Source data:
—————
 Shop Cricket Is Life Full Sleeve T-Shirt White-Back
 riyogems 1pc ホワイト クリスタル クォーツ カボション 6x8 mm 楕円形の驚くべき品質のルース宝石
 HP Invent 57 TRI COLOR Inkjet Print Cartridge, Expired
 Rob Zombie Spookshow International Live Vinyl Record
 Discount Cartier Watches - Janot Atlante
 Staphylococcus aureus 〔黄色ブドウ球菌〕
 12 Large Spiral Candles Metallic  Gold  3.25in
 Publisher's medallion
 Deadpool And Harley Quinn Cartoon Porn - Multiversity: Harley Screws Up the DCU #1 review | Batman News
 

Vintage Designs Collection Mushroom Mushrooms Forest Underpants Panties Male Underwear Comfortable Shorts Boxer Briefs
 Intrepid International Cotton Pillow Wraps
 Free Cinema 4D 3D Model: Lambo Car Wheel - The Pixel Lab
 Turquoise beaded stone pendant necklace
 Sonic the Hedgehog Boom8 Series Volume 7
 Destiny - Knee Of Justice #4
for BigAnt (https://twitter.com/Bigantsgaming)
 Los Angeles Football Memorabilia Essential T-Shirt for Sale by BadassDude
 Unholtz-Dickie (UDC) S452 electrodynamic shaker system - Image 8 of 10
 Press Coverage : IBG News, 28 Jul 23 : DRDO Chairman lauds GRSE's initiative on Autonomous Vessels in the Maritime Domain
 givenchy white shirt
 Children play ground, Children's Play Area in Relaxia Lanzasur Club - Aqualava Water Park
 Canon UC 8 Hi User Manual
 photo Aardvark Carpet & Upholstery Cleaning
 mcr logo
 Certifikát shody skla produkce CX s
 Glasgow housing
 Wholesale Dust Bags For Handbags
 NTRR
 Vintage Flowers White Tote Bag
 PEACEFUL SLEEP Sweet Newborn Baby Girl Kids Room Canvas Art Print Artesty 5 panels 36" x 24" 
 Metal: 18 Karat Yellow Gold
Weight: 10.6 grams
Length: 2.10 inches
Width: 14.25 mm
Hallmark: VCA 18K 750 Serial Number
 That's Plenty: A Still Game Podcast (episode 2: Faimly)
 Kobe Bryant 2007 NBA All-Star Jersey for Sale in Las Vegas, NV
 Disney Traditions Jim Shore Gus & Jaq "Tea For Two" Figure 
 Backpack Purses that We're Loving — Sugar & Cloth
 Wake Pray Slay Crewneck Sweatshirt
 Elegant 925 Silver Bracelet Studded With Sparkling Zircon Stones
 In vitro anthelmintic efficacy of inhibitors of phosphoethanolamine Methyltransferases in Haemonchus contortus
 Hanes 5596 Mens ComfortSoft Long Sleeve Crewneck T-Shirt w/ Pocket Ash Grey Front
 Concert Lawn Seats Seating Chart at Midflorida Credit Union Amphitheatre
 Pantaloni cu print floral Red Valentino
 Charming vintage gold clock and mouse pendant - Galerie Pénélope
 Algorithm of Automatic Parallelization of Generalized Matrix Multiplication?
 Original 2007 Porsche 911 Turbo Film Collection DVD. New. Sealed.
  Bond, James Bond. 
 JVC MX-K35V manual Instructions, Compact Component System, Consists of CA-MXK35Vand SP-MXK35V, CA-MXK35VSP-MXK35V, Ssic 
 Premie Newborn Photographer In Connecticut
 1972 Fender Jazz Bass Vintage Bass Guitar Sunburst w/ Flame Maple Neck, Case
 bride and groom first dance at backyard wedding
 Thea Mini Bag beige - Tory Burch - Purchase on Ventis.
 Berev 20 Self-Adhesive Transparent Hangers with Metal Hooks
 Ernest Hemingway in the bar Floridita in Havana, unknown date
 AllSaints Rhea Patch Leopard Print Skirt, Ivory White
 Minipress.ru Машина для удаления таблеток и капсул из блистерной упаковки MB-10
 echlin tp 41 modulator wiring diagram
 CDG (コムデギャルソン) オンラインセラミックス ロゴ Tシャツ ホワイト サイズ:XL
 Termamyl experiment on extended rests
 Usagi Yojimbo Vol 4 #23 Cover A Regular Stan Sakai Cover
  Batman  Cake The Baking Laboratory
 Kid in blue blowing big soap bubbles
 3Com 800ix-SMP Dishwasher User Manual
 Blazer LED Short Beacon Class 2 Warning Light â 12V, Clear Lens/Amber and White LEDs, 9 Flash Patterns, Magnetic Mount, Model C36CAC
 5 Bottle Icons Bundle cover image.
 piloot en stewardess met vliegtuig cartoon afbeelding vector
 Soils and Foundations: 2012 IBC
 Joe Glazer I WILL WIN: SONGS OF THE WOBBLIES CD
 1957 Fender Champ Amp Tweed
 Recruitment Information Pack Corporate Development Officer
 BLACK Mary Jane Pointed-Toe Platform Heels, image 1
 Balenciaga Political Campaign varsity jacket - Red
—————
ASSIGNED TASK:
Set down, exactly as they appear above, all lines from the one that has "Los Angeles Football" down to the one that has "givenchy white shirt", including those two and no others.

THE COMPLETED TASK:
 Los Angeles Football Memorabilia Essential T-Shirt for Sale by BadassDude
 Unholtz-Dickie (UDC) S452 electrodynamic shaker system - Image 8 of 10
 Press Coverage : IBG News, 28 Jul 23 : DRDO Chairman lauds GRSE's initiative on Autonomous Vessels in the Maritime Domain
 givenchy white shirt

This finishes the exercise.